Con la crisi le famiglie impoveriscono e 7 milioni di giovani non ce la fanno a mantenersi da soli Gli anni della grande crisi hanno portato l’austerity dentro le case, le abitudini sono cambiate in profondità. Ora la metà delle famiglie italiane, certifica l’Istat, si fa bastare 1500 euro per arrivare alla fine del mese. L’Eurostat, invece, segnala un aumento dei ragazzi tra i 18 e i 34 anni che vivono a casa con mamma e papà: sono il 65,8%, oltre sette milioni di persone che vivono ancora nella famiglia d’origine, ben più che in Europa. Ma con la disoccupazione al galoppo, la famiglia è l’ultima frontiera del welfare. La famiglia, del resto, ha dovuto sviluppare negli ultimi anni la difficile arte di tirare la cinghia. Il dato (la rilevazione si riferisce al 2013) di chi si dice capace di arrivare a fine mese con 1500 euro al mese non è altro che l’altra faccia della contrazione dei consumi. Quella rilevata dall’Istat è una ‘media’ tra famiglie che vivono in condizioni molto differenti tra loro. Nel Mezzogiorno chi pone i 1.500 euro come soglia minima
per campare arriva al 55,3%, contro il 44,9% del Nord Ovest. Il fabbisogno familiare cambia anche a seconda che il ‘capofamiglia’ sia un disoccupato (in tal caso il 61,4% riesce a cavarsela con 1.500 euro) o un lavoratore dipendente, caso in cui solo il 37,7% delle famiglie dice che bastano 1500 euro.

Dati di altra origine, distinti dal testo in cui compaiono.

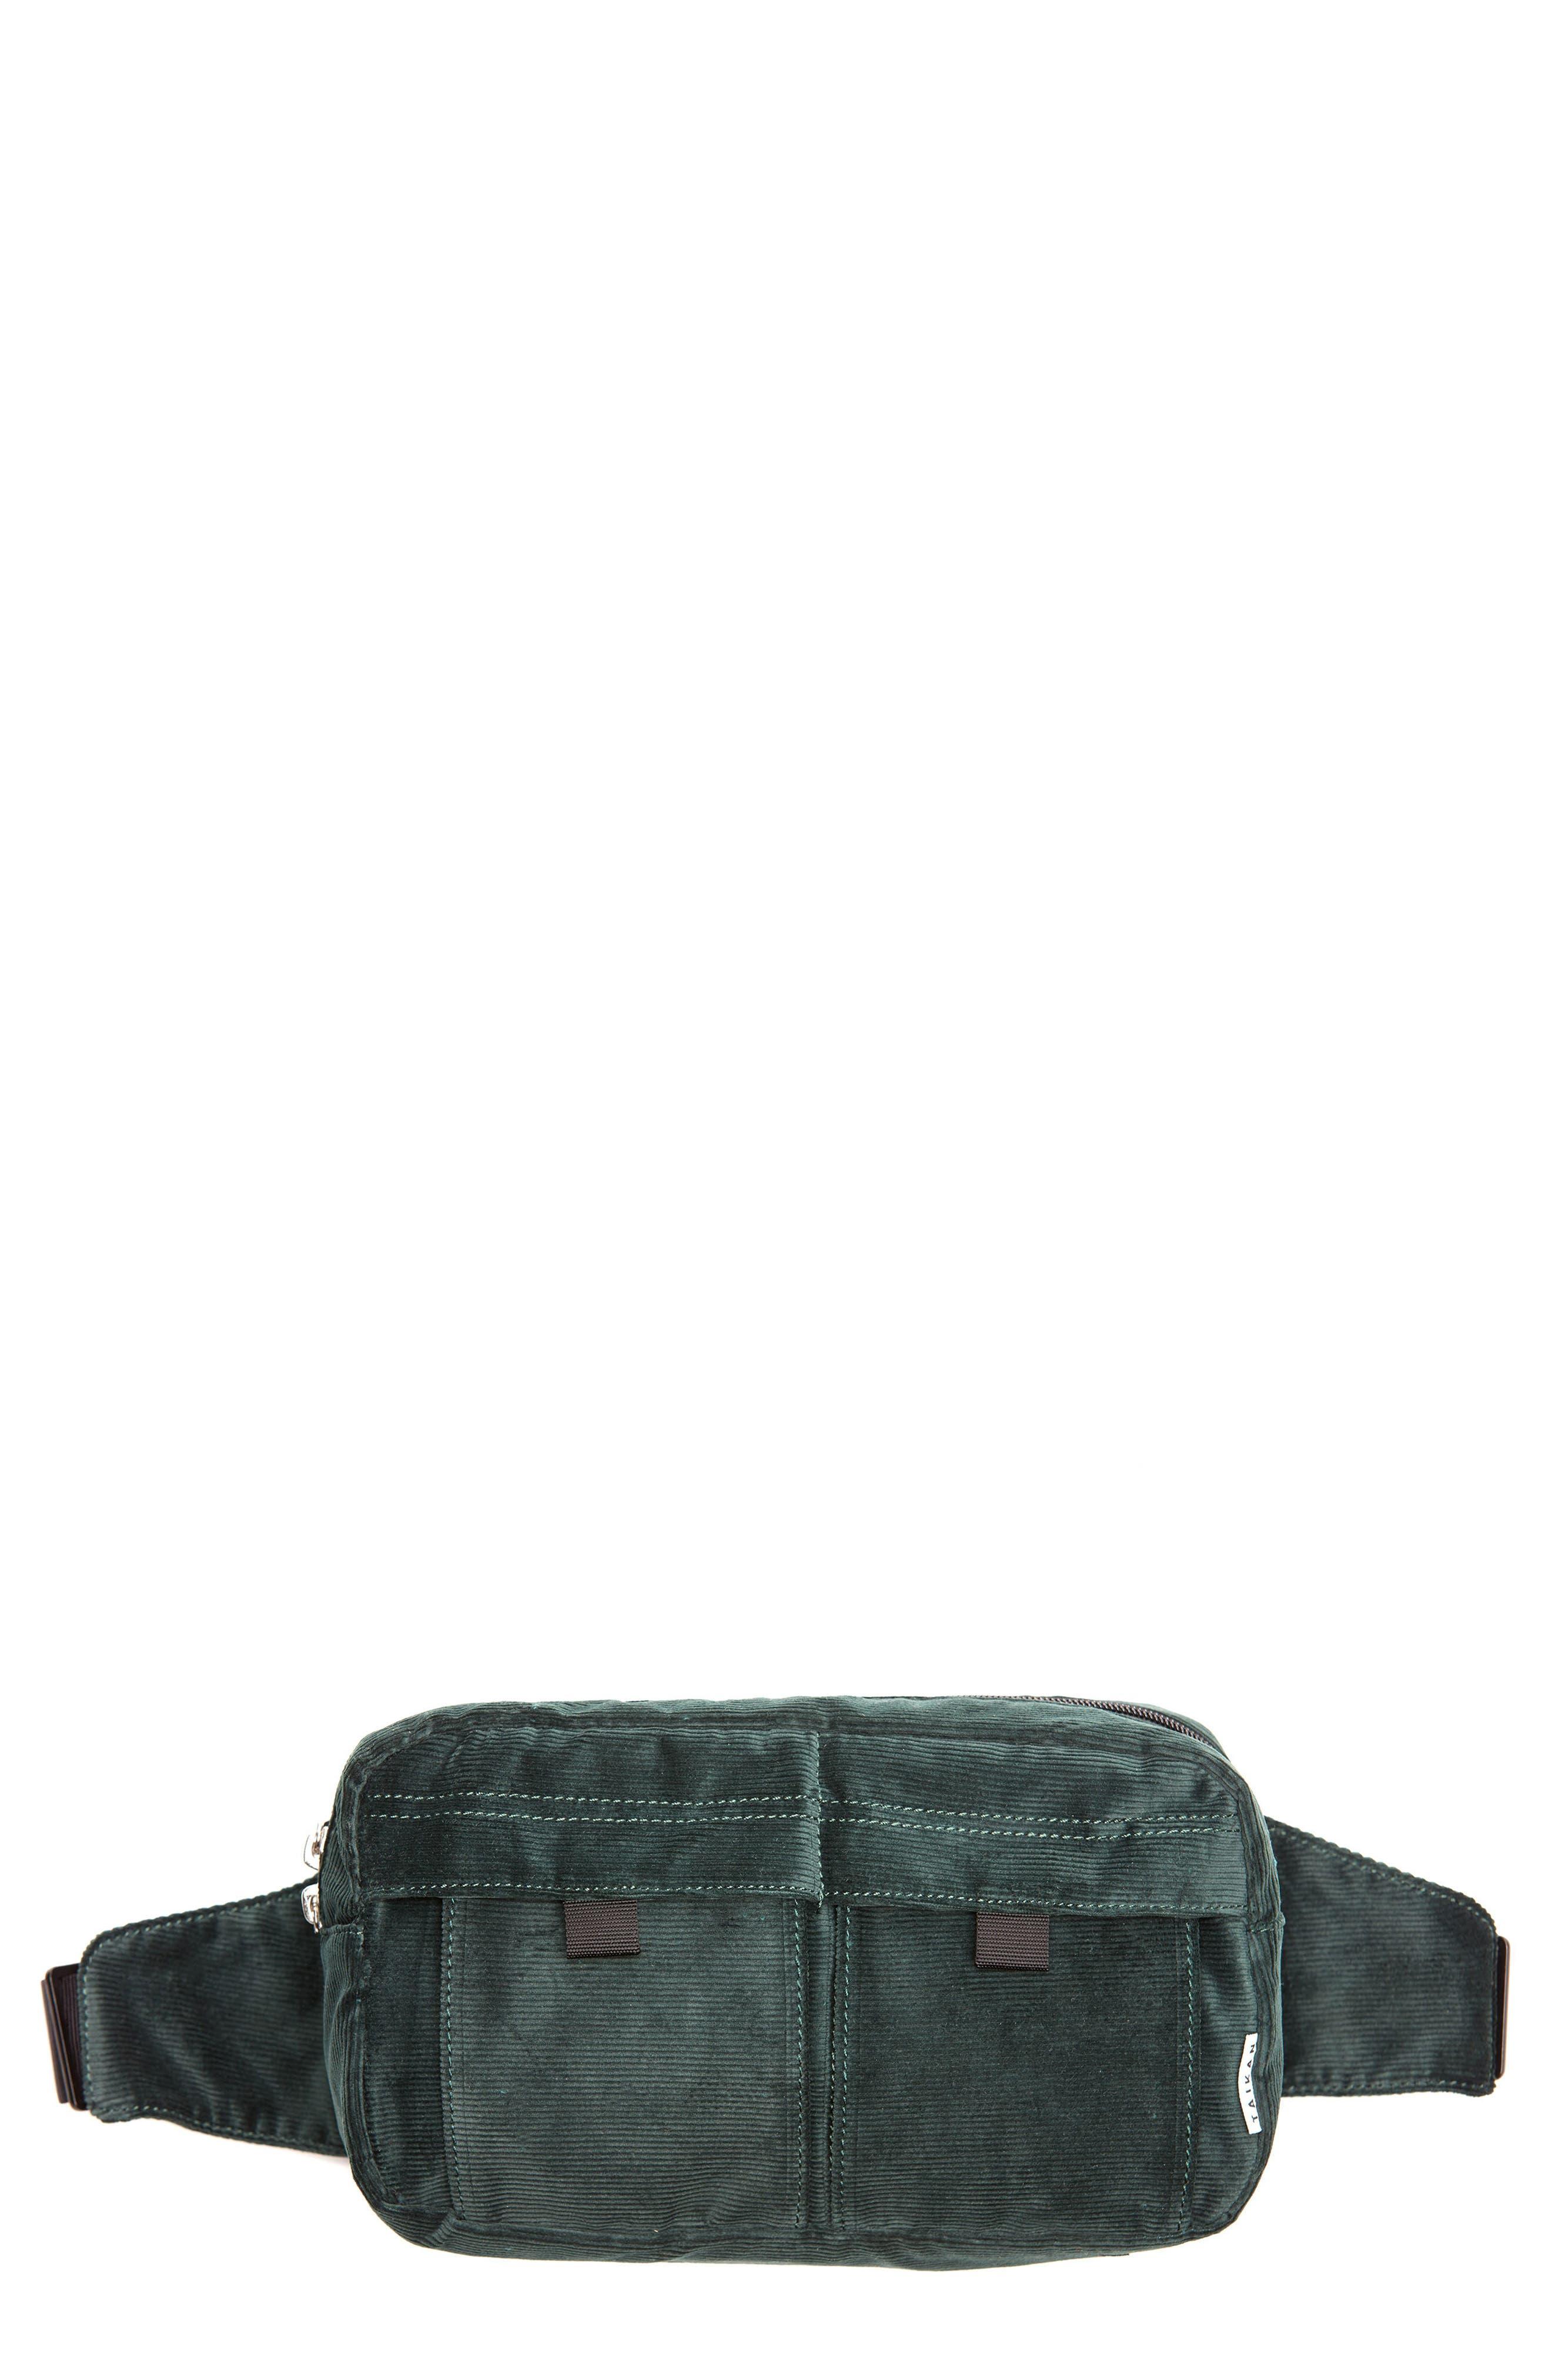 Spectre Corduroy Hip Pack,                         Main,                         color, Forest Corduroy

Cambia poi la situazione se la famiglia ha almeno un figlio piccolo (si scende al 27,3%), oppure il nucleo consideri un single con più di 65 anni: allora per l’84,5% dichiara che 1500 bastano. Accanto a famiglie che riducono i propri budget, ci sono quelle che rinunciano perfino a formarsi. Sono poco meno di 7,4 milioni i giovani tra i 18 e i 34 anni che scelgono di continuare a vivere nella casa d’origine. I due terzi del totale che, secondo i calcoli di Eurostat (sempre nel 2013), non trova eguali in Europa. Quanto poi abbia pesato la crisi è presto calcolato: rispetto al 2008 la percentuale di chi resta con mamma e
papà è salita di oltre 5 punti. Nel nostro Paese, poi, crescono i giovani più maturi (con più di 25 anni e meno di 34 anni) che decidono di non lasciare i genitori: sono il 49,4% del totale, nonostante il 60% di loro abbia un’occupazione. In casa ci restano soprattutto i maschi: è una scelta che coinvolge il 57,5% di loro. Le ragazze che restano con i genitori sono il 41,1% del totale, ma nel 2008 erano molto meno. Secondo un’elaborazione dell’agenzia Adnkronos su dati di Banca d’Italia, in 6 anni, dal 2007 al 2013, le ricchezza delle famiglie italiane si è ridotta del 12%, mentre considerando gli ultimi 10 anni il calo è del 5,8%. Nel 2003 la ricchezza netta per famiglia era di 377.302 euro, per toccare i massimi nel 2006 (412.469 euro) e planare, nel 2013 a 355.876 euro. Il valore del bene ‘simbolo’, la casa, dal 2010 ha subito un calo dell’11,7%, abbattendo l’apprezzamento che c’era stato in precedenza.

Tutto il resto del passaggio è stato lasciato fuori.